Start of Supplied entries
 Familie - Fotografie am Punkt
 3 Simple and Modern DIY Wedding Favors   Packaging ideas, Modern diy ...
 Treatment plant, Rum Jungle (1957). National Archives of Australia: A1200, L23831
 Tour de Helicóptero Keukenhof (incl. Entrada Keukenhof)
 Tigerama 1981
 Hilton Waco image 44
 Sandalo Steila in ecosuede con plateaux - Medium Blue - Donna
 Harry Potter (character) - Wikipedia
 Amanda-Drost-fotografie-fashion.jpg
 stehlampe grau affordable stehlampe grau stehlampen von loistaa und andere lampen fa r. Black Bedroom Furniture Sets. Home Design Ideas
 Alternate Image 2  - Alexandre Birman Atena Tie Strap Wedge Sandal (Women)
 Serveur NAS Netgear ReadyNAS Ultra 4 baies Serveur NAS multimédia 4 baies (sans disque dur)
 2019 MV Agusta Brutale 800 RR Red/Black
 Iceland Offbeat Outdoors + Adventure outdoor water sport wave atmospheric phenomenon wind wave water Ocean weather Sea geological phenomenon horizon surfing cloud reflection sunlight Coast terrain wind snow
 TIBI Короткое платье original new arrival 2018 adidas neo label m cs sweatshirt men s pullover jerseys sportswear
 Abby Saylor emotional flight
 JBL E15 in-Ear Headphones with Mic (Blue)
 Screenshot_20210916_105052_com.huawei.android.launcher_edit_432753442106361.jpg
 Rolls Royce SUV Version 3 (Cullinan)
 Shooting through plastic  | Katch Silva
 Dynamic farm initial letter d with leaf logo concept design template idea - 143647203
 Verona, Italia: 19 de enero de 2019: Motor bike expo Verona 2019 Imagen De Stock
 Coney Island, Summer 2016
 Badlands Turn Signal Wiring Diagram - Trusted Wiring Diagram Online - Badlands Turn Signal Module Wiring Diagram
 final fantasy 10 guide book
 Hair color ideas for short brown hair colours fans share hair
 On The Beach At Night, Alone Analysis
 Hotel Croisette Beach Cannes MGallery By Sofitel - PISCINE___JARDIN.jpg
End of Supplied entries
What is required:
Take the lines from the top of the data through the one that contains "stehlampe grau affordable" and copy them exactly, leaving out every line after it.

Your response:
 Familie - Fotografie am Punkt
 3 Simple and Modern DIY Wedding Favors   Packaging ideas, Modern diy ...
 Treatment plant, Rum Jungle (1957). National Archives of Australia: A1200, L23831
 Tour de Helicóptero Keukenhof (incl. Entrada Keukenhof)
 Tigerama 1981
 Hilton Waco image 44
 Sandalo Steila in ecosuede con plateaux - Medium Blue - Donna
 Harry Potter (character) - Wikipedia
 Amanda-Drost-fotografie-fashion.jpg
 stehlampe grau affordable stehlampe grau stehlampen von loistaa und andere lampen fa r. Black Bedroom Furniture Sets. Home Design Ideas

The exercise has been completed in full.